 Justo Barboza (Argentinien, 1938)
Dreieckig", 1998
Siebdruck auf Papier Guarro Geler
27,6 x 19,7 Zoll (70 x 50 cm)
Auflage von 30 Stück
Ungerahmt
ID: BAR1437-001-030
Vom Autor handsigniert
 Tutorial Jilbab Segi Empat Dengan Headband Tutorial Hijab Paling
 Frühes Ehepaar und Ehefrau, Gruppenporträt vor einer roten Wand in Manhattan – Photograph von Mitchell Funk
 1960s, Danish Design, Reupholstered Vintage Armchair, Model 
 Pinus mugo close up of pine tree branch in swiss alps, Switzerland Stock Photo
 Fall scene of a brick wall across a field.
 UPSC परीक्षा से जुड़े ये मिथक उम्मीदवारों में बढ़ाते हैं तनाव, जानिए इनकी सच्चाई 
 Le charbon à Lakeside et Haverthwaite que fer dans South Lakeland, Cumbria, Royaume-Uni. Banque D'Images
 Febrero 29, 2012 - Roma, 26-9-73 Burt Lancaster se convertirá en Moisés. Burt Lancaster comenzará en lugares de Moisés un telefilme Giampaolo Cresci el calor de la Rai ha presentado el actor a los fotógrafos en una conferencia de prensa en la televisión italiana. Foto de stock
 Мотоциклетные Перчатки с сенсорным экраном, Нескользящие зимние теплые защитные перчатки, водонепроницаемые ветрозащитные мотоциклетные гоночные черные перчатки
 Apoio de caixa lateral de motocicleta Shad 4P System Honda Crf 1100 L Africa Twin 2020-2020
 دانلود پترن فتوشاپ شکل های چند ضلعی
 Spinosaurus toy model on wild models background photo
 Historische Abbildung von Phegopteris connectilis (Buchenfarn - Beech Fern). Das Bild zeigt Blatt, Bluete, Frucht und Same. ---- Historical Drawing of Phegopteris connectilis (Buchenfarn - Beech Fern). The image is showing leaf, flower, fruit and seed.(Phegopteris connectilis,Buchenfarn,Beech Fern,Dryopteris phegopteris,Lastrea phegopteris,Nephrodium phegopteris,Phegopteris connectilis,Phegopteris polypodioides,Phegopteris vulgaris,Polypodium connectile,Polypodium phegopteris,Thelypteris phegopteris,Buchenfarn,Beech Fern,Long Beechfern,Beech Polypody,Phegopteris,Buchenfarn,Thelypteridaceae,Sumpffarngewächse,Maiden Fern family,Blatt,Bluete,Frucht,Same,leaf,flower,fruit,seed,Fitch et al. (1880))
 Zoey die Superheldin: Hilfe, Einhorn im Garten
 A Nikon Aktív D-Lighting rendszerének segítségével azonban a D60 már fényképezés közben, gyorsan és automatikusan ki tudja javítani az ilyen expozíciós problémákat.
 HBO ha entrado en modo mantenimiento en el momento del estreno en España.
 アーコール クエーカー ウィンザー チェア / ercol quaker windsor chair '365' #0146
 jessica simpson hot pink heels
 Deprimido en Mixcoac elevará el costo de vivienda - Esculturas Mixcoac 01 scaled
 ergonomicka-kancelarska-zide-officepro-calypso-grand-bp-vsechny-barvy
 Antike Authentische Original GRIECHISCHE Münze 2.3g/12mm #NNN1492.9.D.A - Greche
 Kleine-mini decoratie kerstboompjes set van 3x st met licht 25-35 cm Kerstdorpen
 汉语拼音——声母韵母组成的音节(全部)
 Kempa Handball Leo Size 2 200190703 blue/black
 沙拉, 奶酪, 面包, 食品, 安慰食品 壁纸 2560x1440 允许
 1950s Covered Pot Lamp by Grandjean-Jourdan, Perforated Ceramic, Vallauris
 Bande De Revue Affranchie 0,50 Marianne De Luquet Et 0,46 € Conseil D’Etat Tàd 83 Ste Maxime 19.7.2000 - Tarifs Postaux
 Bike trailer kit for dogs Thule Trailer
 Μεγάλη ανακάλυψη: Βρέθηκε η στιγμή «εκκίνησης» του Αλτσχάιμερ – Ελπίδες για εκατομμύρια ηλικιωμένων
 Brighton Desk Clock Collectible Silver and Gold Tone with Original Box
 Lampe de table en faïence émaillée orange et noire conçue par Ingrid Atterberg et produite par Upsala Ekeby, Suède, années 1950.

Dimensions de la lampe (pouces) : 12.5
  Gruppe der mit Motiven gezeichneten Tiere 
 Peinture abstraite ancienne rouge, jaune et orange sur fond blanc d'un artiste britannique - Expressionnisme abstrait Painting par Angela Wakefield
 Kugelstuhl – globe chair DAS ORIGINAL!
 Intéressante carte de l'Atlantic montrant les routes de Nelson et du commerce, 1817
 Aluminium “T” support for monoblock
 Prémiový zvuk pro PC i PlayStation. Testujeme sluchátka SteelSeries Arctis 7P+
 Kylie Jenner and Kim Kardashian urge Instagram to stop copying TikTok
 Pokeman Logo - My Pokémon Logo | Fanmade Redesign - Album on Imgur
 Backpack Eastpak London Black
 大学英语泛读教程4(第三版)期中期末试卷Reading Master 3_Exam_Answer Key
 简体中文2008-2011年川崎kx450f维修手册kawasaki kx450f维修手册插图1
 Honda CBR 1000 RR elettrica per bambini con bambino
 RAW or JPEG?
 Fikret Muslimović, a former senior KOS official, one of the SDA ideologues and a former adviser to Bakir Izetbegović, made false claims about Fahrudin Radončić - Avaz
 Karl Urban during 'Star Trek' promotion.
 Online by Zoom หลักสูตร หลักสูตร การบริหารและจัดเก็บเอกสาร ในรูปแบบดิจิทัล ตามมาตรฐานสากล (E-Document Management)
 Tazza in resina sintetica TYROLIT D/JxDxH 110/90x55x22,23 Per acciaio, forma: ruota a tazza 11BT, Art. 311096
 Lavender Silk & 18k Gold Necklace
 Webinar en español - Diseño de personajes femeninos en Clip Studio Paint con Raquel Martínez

+ + + +

* **Exercise description**: Look above for the line that contains "27,6 x 19,7 Zoll (70 x 50 cm)". Starting there, transcribe every line exactly until you have copied the line that contains "Frühes Ehepaar und".

* **Output of the task**:
27,6 x 19,7 Zoll (70 x 50 cm)
Auflage von 30 Stück
Ungerahmt
ID: BAR1437-001-030
Vom Autor handsigniert
 Tutorial Jilbab Segi Empat Dengan Headband Tutorial Hijab Paling
 Frühes Ehepaar und Ehefrau, Gruppenporträt vor einer roten Wand in Manhattan – Photograph von Mitchell Funk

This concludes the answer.